В Москве есть такой бородатый философ Дупин, очень умный мужчина кроме всяких шуток. Как раз в один из этих дней он залез в говноящик и стал объяснять, что та духовная сущность, которой Америка поклоняется как Богу, в православной ихтиологии, или как там он выразился, является Сатаной.
Я в это время лежал в депривационной камере, а Добросвет смотрел телевизор вместе со Шмыгой. Так он потом сказал, что Шмыга аж посинел. А как пришел в себя, вынул мобильный — таким примерно движением, как вынимают пистолет.
Хорошо, Добросвет не дал позвонить. Объяснил, что российские титаны духа уже много веков начинают гнать этот умняк каждый раз, когда начальство, вкатывая им ума через задние ворота, малость не доводит вертикаль до голосовых связок, и они еще могут немного говорить. Шмыга вроде понял, что наш проект тут ни при чем, и успокоился. А иначе этого Дупина грохнули бы в тот же вечер — не помогли бы и чекистские корни.
В общем, это были, пожалуй, самые мрачные дни в моей жизни. Мне страшно было ложиться в ванну, потому что после укола я исчезал, и вместо меня появлялся равнодушно щелкающий набор арифмометров. Мне страшно было засыпать, потому что я знал — впереди меня ждут кошмары. Мне страшно было глядеть в оловянные глаза Шмыги, потому что его голова казалась мне дымящейся гранатой, из которой кто-то выдернул чеку. Но страшнее всего мне делалось, когда я видел пьяного Добросвета — а он теперь напивался почти каждый день.

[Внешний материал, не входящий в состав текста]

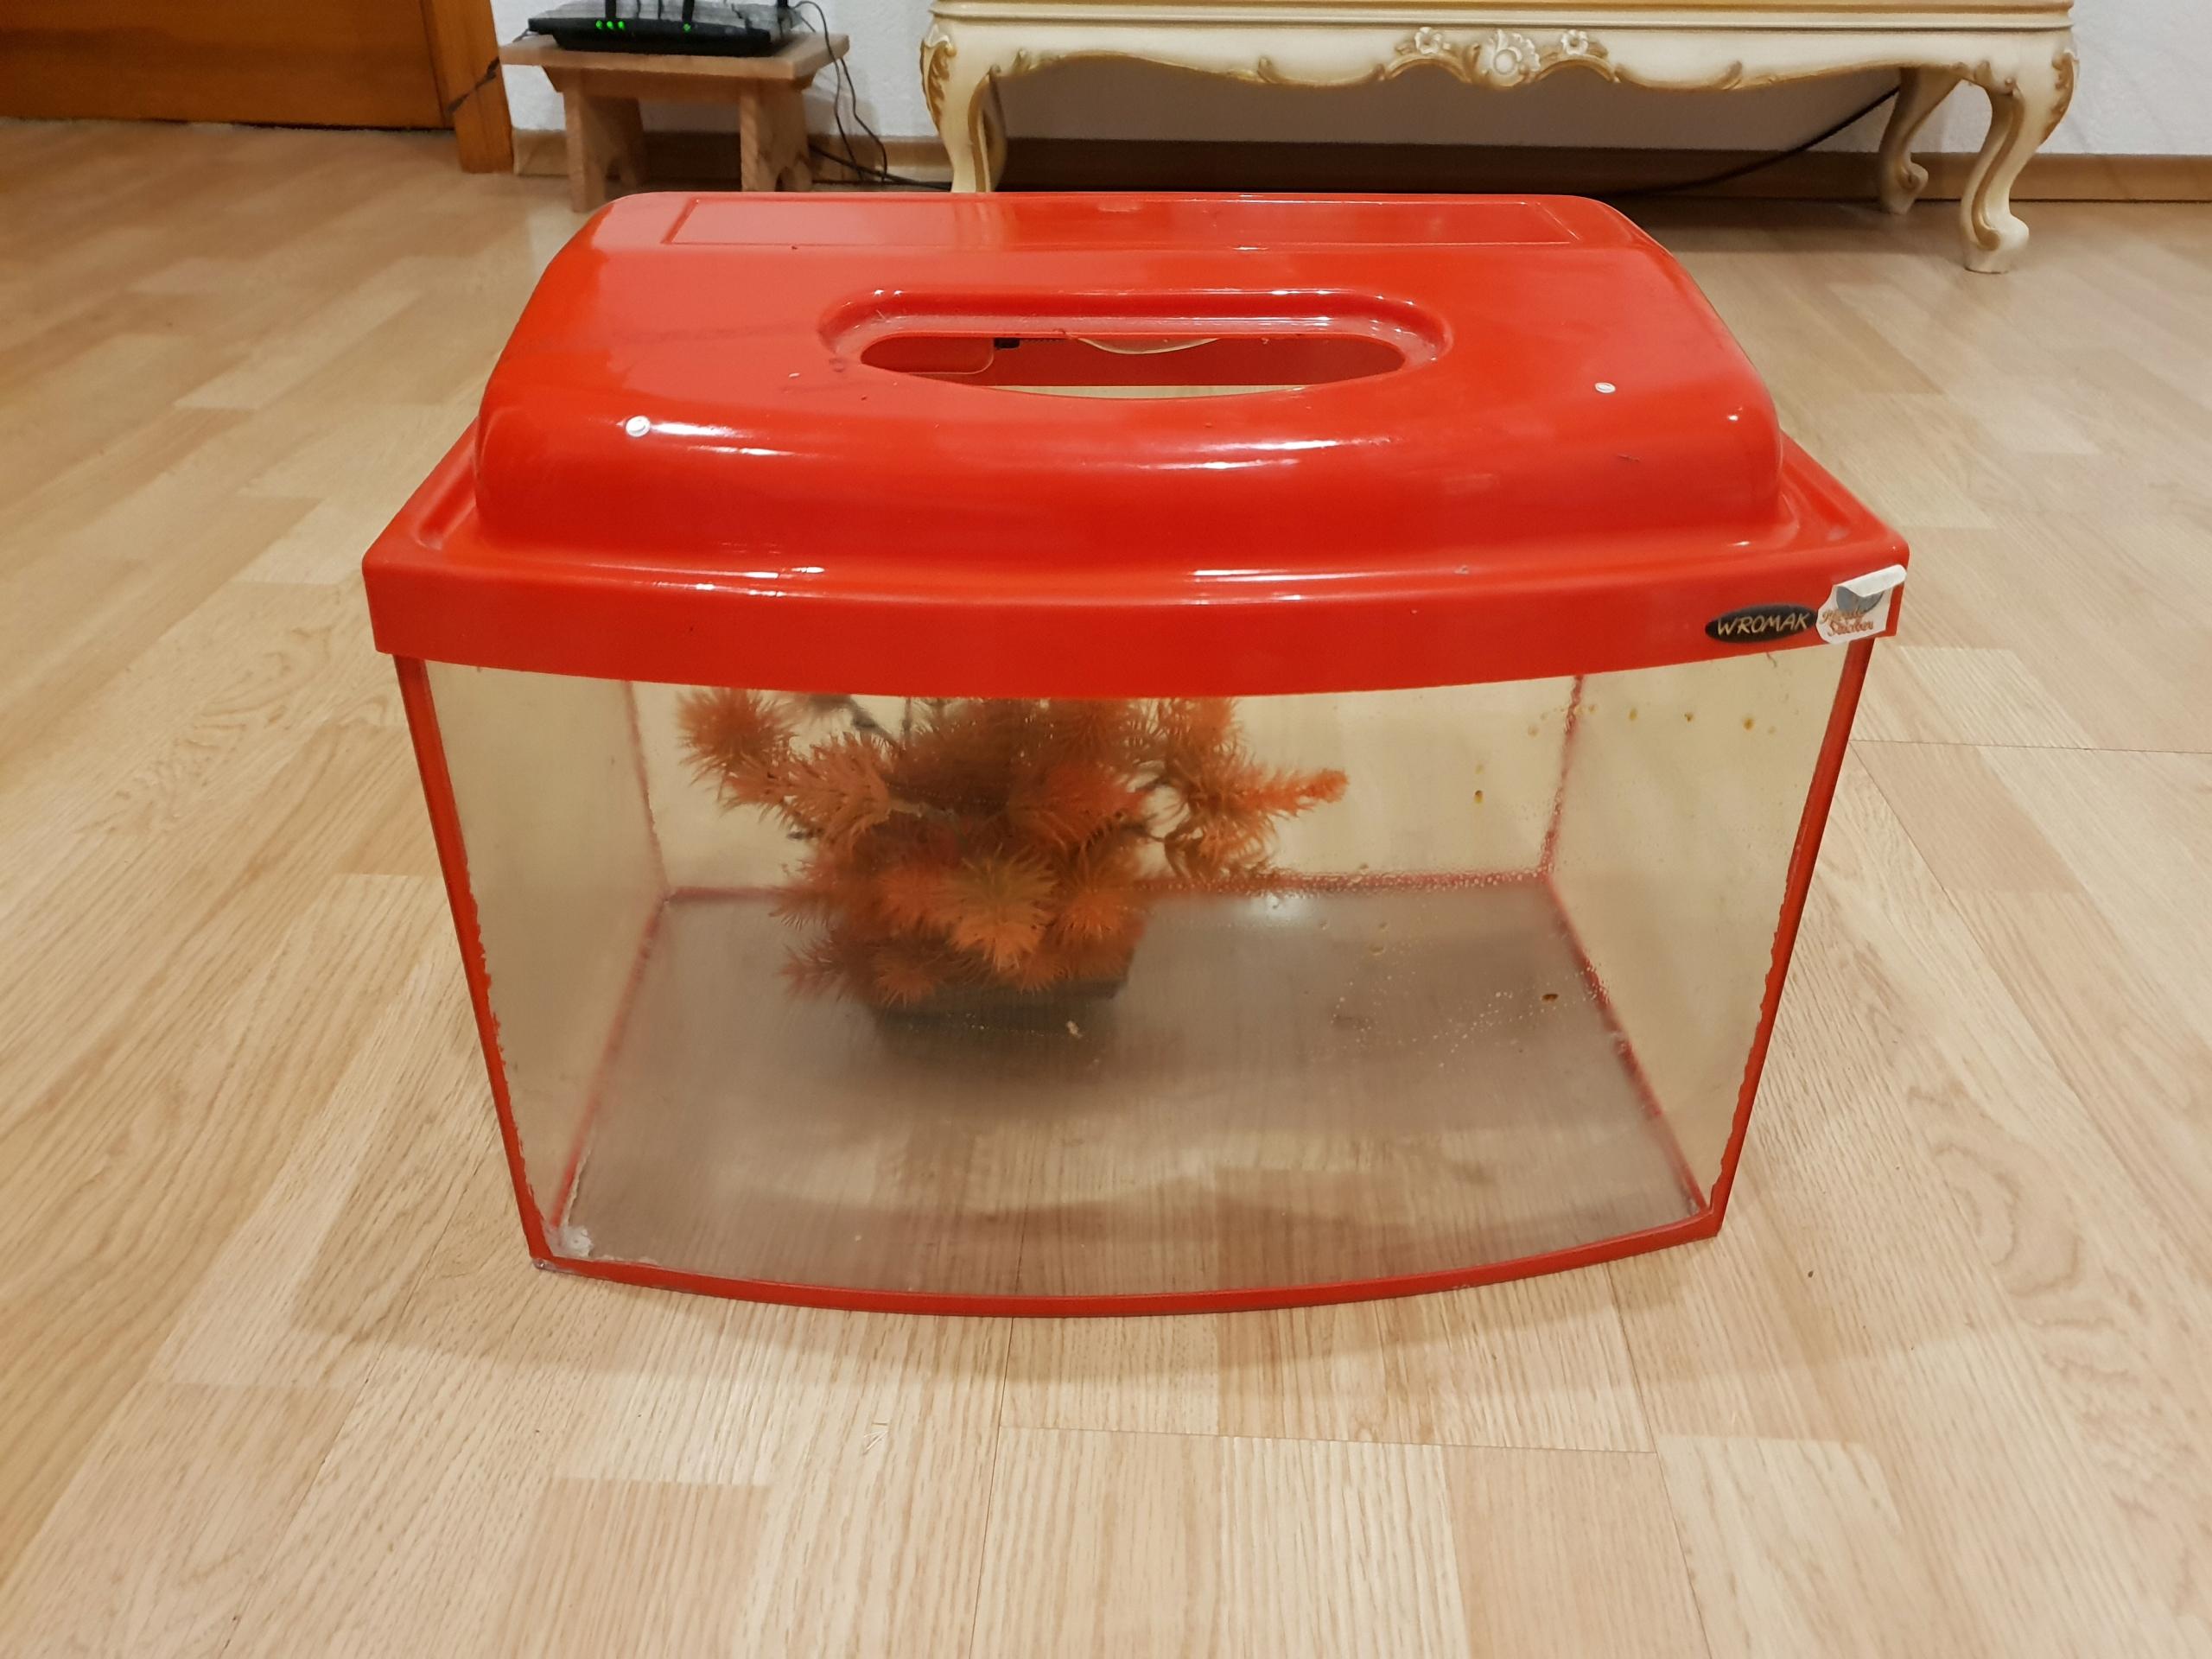 Akwarium ok20l czerwone

Вечером, когда мы оставались в бильярдной одни, он иногда начинал бормотать, как бы обращаясь сам к себе:
— А чего бы и нет… Будет местом у уха торговать. Он же всех олигархов еще с прошлого века знает. Будет нашептывать, якобы от самого…
И он тыкал пальцем вниз, делая при этом такое благоговейное лицо, словно указывал пальцем вверх.
Я догадывался, что Добросвет мучительно хочет с кем-то поговорить, но отваживается только на такую форму контакта.
— Тут даже подумать страшно, какие деньги. И какие перспективы. Никто и знать не будет, как он заказы выполняет. Станут думать — мол, старый соратник, в большом доверии. Или решат, что он прямо наверх деньги заносит, а сам сидит на трех процентах… Да что заказы, он сам теперь кого хочешь заказать сможет…
Но стоило мне хотя бы жестом дать понять, что я услышал его слова, как он вставал и уходил в студию, где ждала дикторша — готовить очередной котел адского варева, которому на ускоренном воспроизведении предстояло выплеснуться в мой мозг.
Наконец, девять дней прошли. Шмыга теперь выглядел чуть веселее, и я стал надеяться, что все еще как-то обойдется. Добросвет доложил ему, что подготовка закончена и можно прыгать, но опыт будет очень рискованным, и возможен непредсказуемый результат.
Шмыга назначил прыжок на следующее утро — зов со дна ада нужен был ему срочно.
— Лично приду, — сказал он. — Как Королев на Байконур. Проверьте все системы, если надо, работайте в три смены. На карте, ребята, стоит все. Осечек быть не должно.
Когда Шмыга ушел, мы с Добросветом остались в бильярдной. В этот вечер я захотел выпить стаканчик вместе с ним, но он запретил, сказав, что на следующий день может появиться нежелательный химический фон.
Катать шары было неохота. Мы немного поговорили о всякой всячине, избегая упоминаний о завтрашней процедуре, а потом уселись в мягкие кресла возле плазменной панели и стали смотреть знаменитую американскую кинокомедию про еврея, который изображает из себя казаха и все время попадает впросак. Кино было смешное, но ни я, ни Добросвет ни разу даже не улыбнулись. А когда фильм кончился, он повернулся ко мне и очень серьезно сказал:
— Знаешь, Семен. Скоро, наверно, все кончится. И я уже догадываюсь, что тогда произойдет.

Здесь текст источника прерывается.